I ran my Mk5 RS2000 4x4 to 250k miles on the same engine and the bearing surfaces were still unmarked and within spec. The cylinder bores still had cross hatch honing marks visible! Pity the head cracked through metal fatigue! That was using Mobil 1. I've replaced the engine now and have been using the Motul 0W-40.

Here's a good article about oil: http://www.geocities.com/Yosemite/Gorge ... r_oils.htm

Rogue,

Confirm this in your handbook but I think it will say AVS and 503.01 or 504.00. The AVS extended service requires a fully synthetic to avoid sludge and the 503.01 spec is matched by the Motul 8100 X-lite 0W-30 Synthetic Ester oil (VW 503.01).

Oil viscosity recommendations from Audi depend on ambient temperature. Column A is the one for the high-lubricity oils such as 503.01. This is from the workshop manual:










So, basically a 30 or 40 at high temperature is equally specified.

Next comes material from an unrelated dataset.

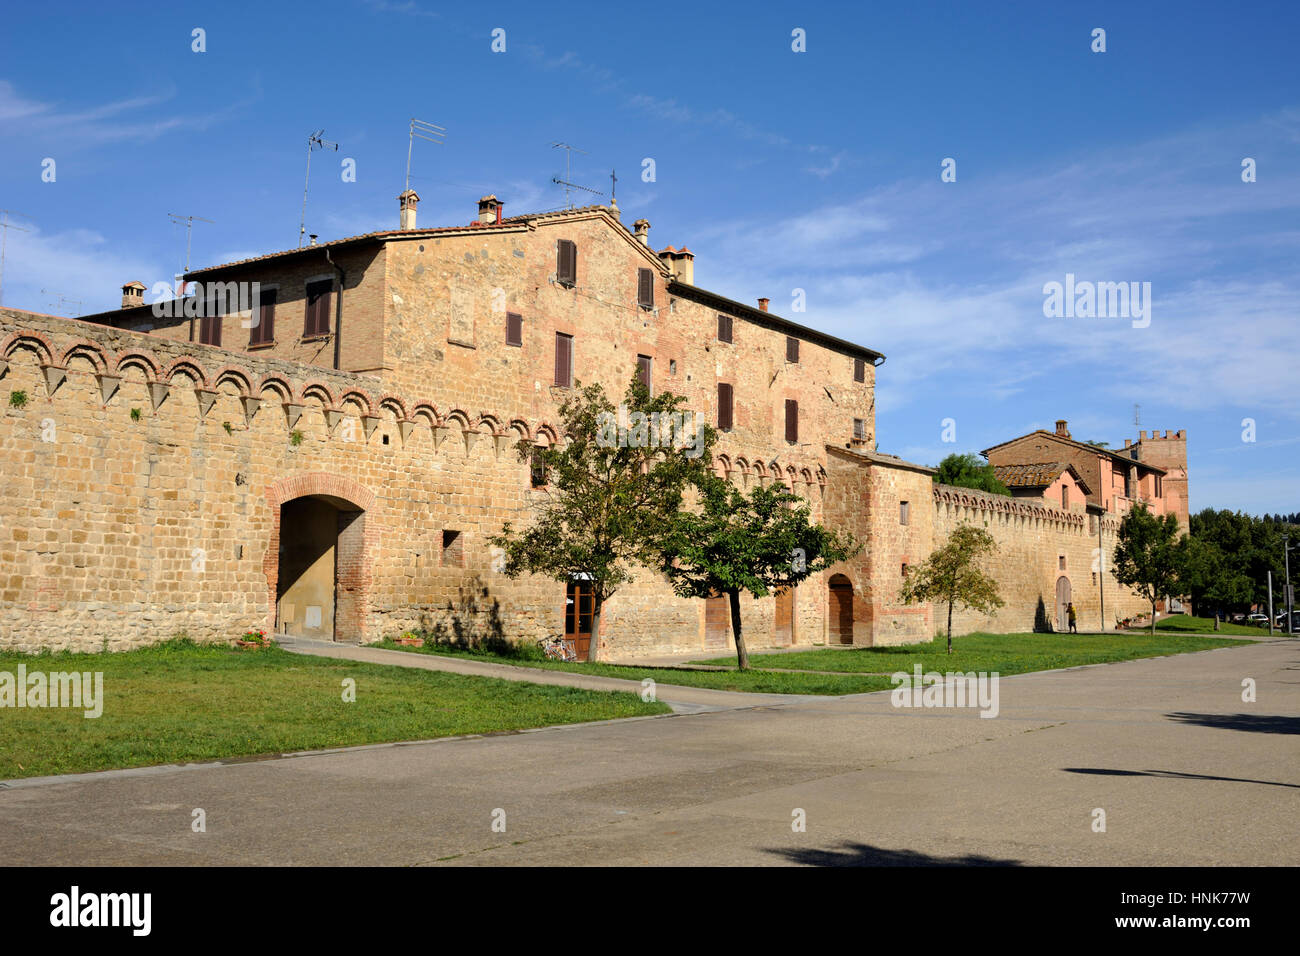 Italie, Toscane, buonconvento, murs Photo Stock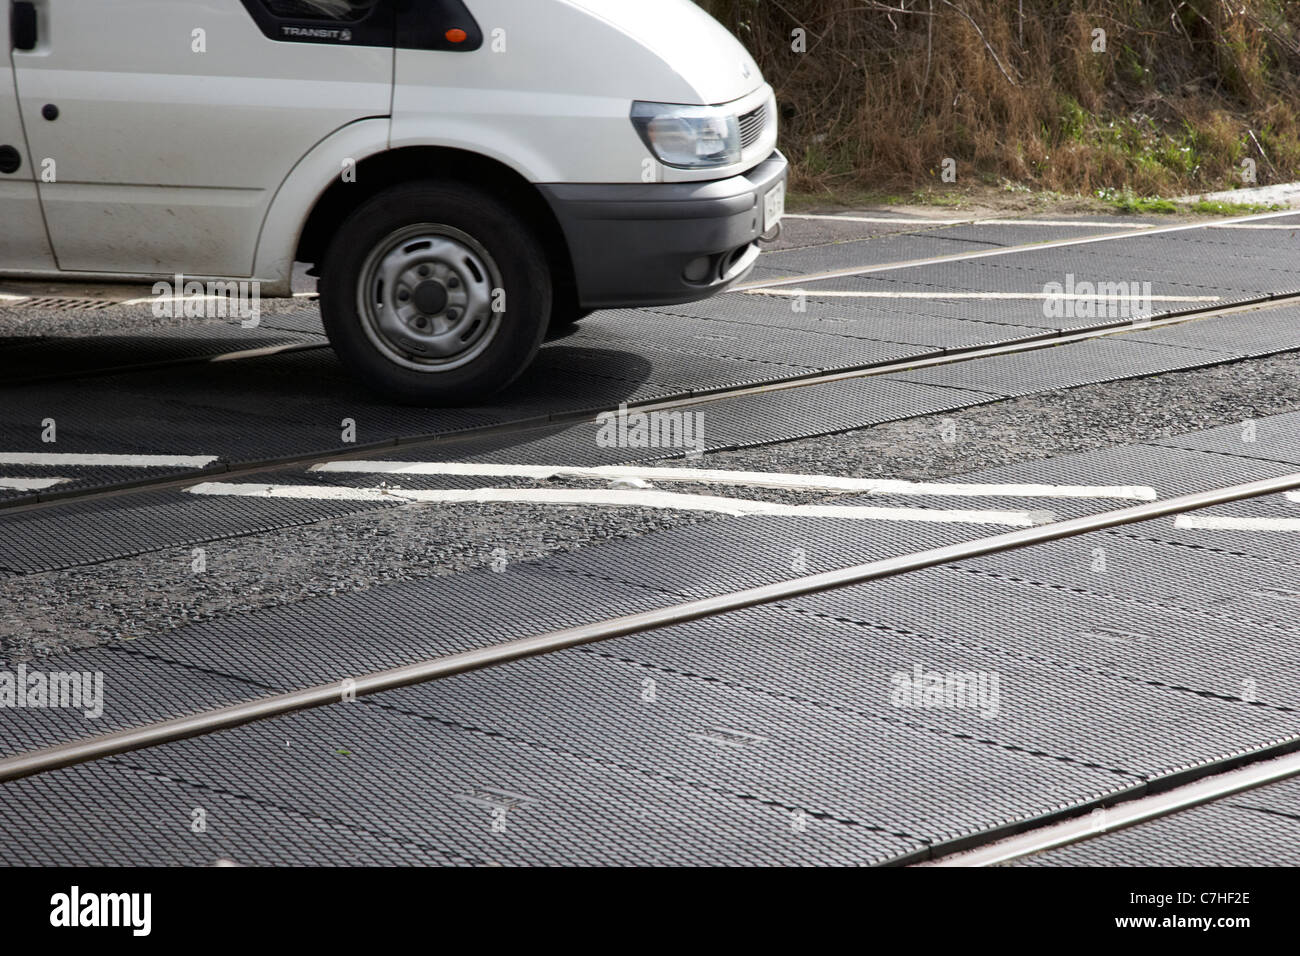 van crossing train tracks on level crossing northern ireland uk - Stock Image

As low a winter number (e.g. 5W or 0W) as possible is best for cold starts.


----------



## Rogue

Cheers John. 8)

Rogue


----------



## hemTT

will this be ok in my 180??

Thanks


----------



## John-H

For a 225 TT: 503.01 (or new spec 504.00) 
for a 180 TT on fixed service intervals: 503.00 (or new spec 504.00) 
for a 180 TT on variable service intervals: 503.01 (or new spec 504.00)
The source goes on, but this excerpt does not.